O presidente Jair Bolsonaro de desculpou, na tarde de hoje, por ter mandado um jornalista "calar a boca" durante pronunciamento feito pela manhã, do lado de fora do Palácio da Alvorada, em Brasília.

"Desculpa aí se eu fui um pouco grosseiro de manhã com uma senhora e um senhor aqui", disse, enquanto rebatia as acusações do ex-ministro da Justiça Sergio Moro.

Apesar do pedido de desculpas, Bolsonaro criticou a imprensa em diversos momentos do discurso, não deu espaço para questionamentos dos jornalistas presentes e começou seu pronunciamento, por volta das 17h30, dizendo que iria embora caso os repórteres fizessem perguntas.

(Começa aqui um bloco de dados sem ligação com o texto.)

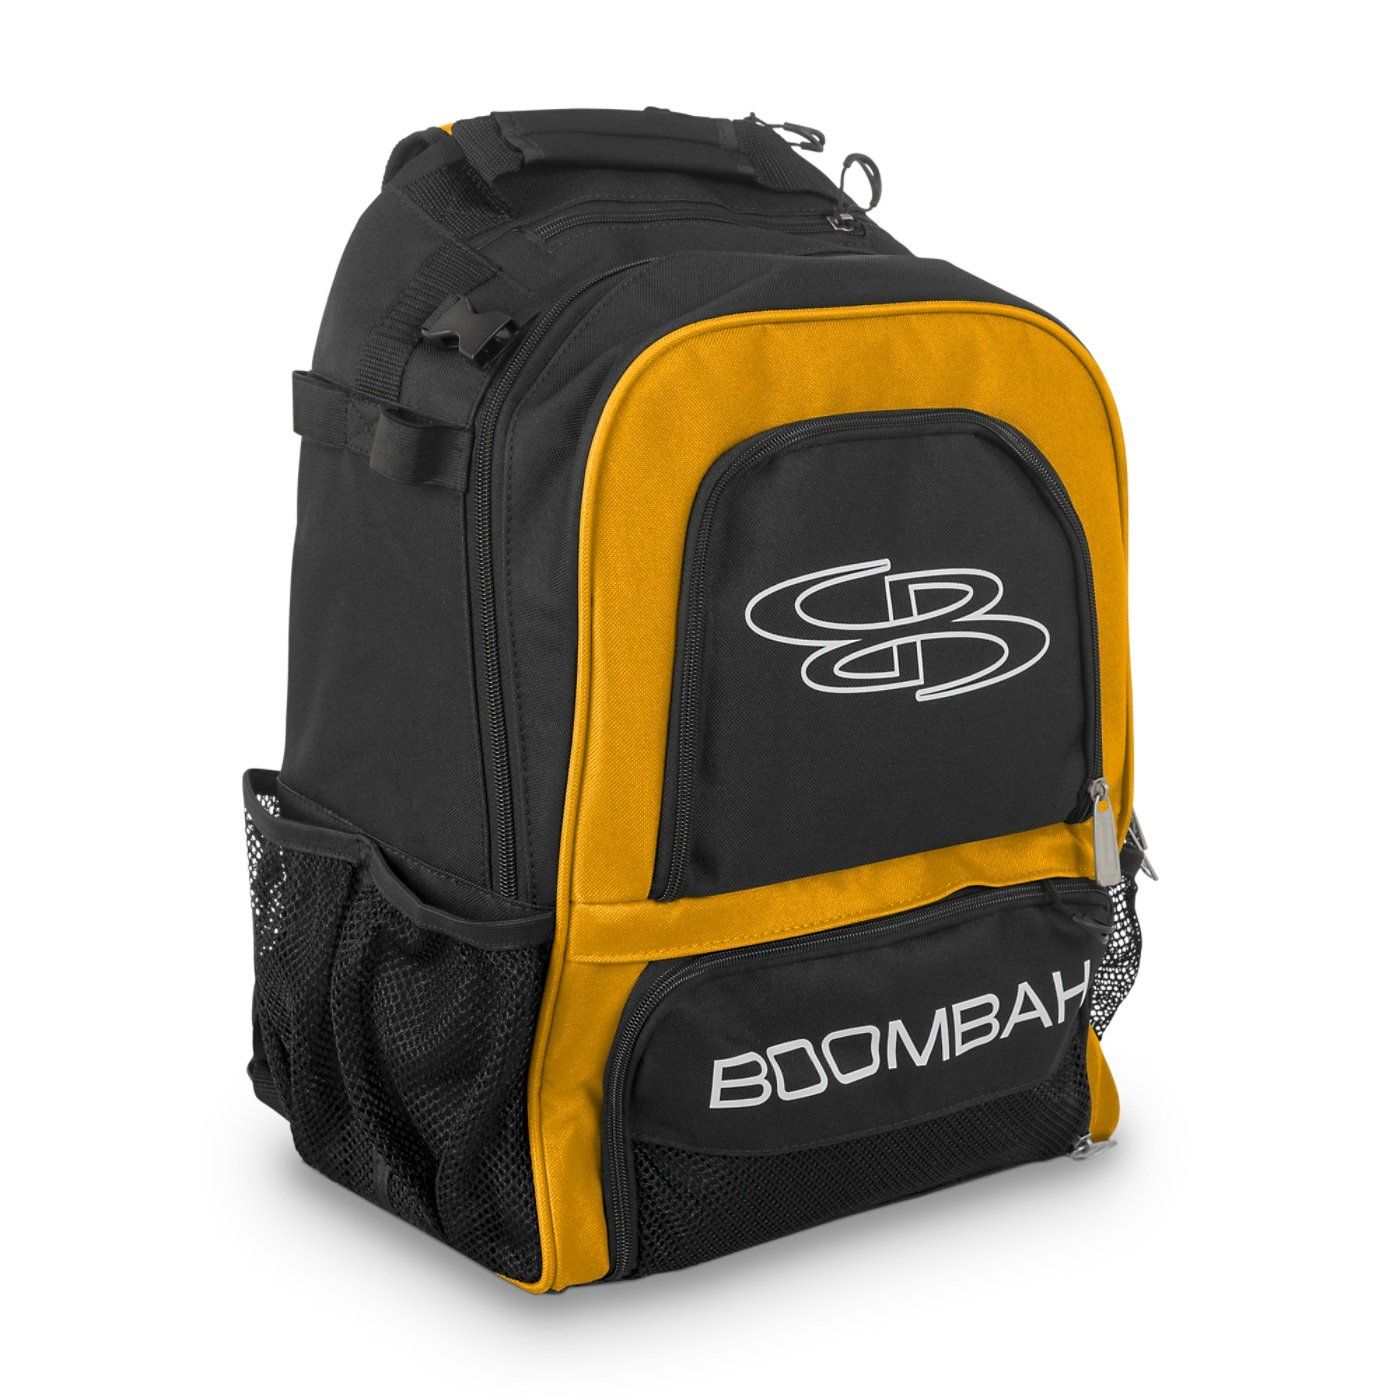 Boombah Wonderpack Baseball / Softball Batバックパック – 13

No início do dia, o mandatário elevou o tom, inflamou apoiadores contra os jornalistas e chegou a gritar que os profissionais deveriam "calar a boca"

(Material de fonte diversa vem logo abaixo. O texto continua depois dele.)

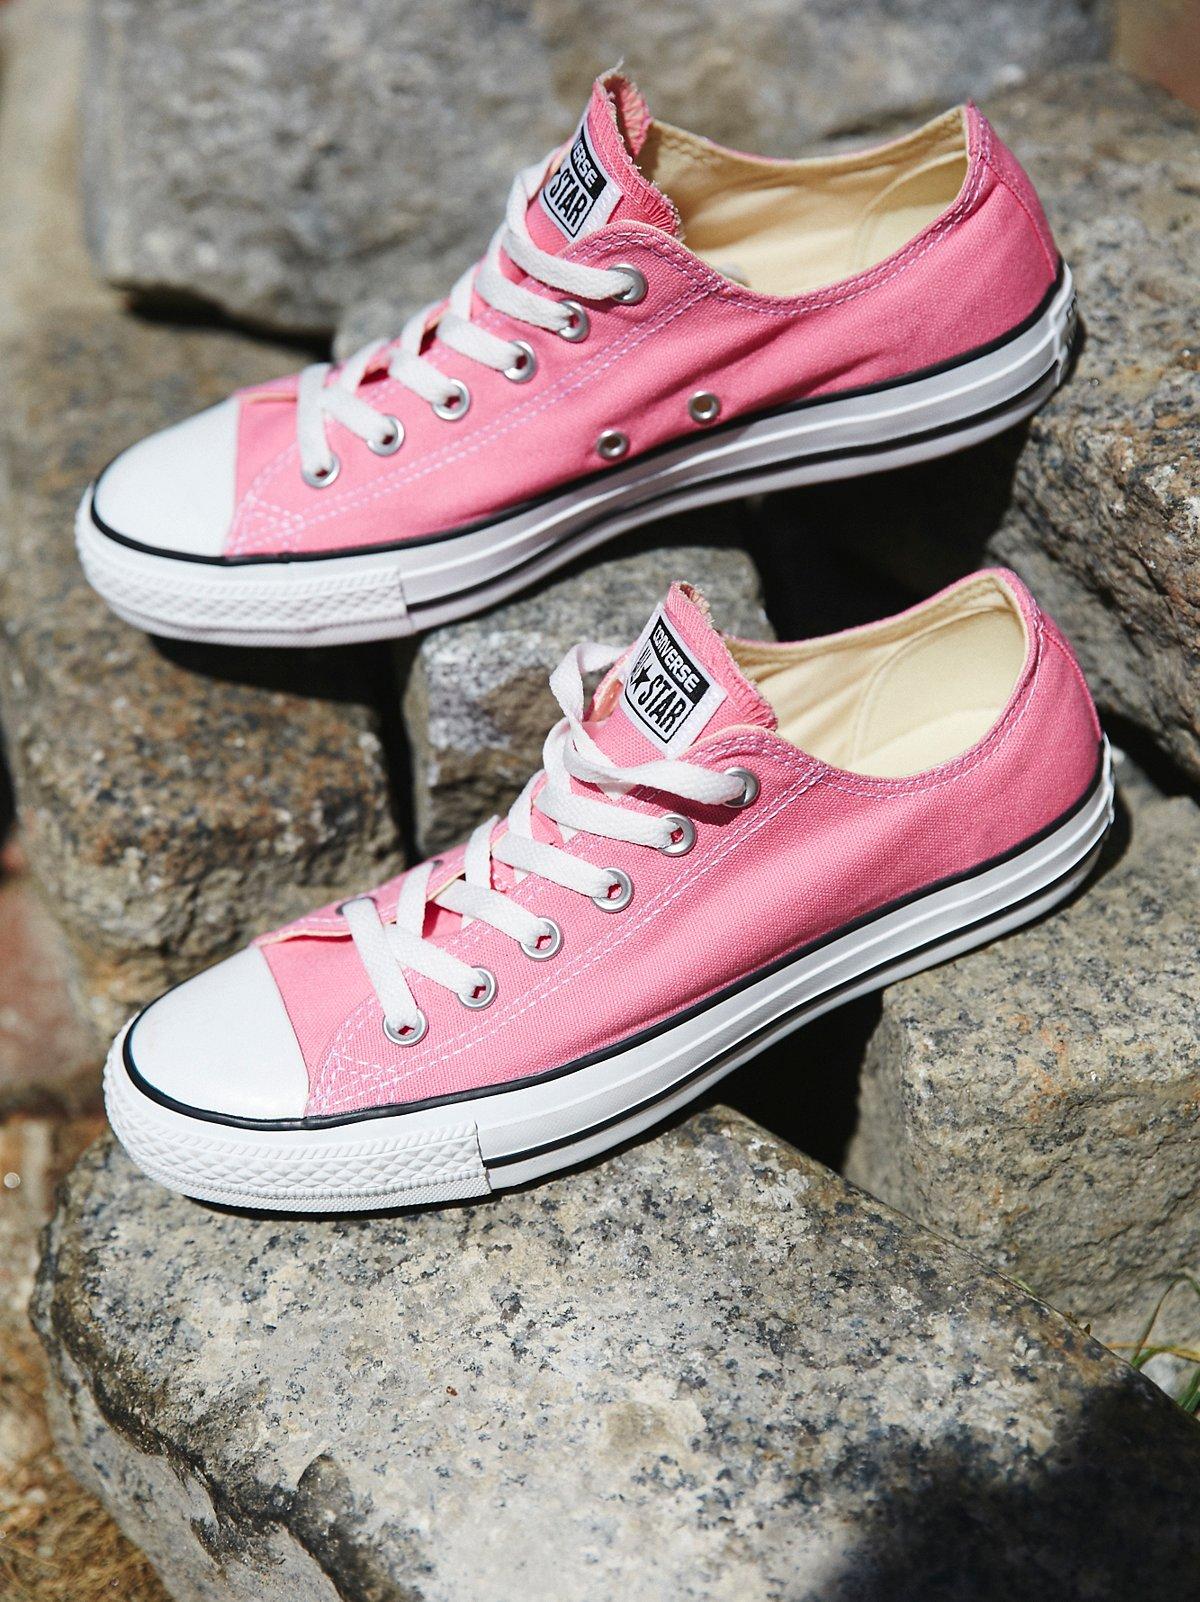 Charlie Converse帆布鞋

"Cala a boca, não perguntei nada. Cala a boca, cala a boca. Não tenho nada contra o superintendente do Rio e não interfiro na PF", disse.

A ira decorre, segundo Bolsonaro, de uma reportagem da Folha publicada ontem. No texto, a coluna Painel, da jornalista Camila Mattoso, observa que a superintendência da Polícia Federal no Rio de Janeiro é um foco de interesse da família Bolsonaro.

Repercussão negativa

O "cala a boca" do presidente foi criticado pelos governadores João Doria, de São Paulo, e Wilson Witzel, do Rio de Janeiro, que classificaram o ato como "ataque à democracia".

"Minha solidariedade aos profissionais da imprensa e aos veículos de comunicação. Hoje, em Brasília, mais uma atitude condenável de desrespeito à imprensa. Cada ameaça à liberdade de expressão atinge a democracia no Brasil. Lamentável a escalada autoritária no País", disse Dória.

"Mandar um jornalista calar a boca é tentar calar a boca da democracia. Quando você tem um cargo público relevante na sociedade você precisa responder à imprensa e não agredi-la, ofendê-la, espezinhá-la, humilhá-la", analisou Witzel.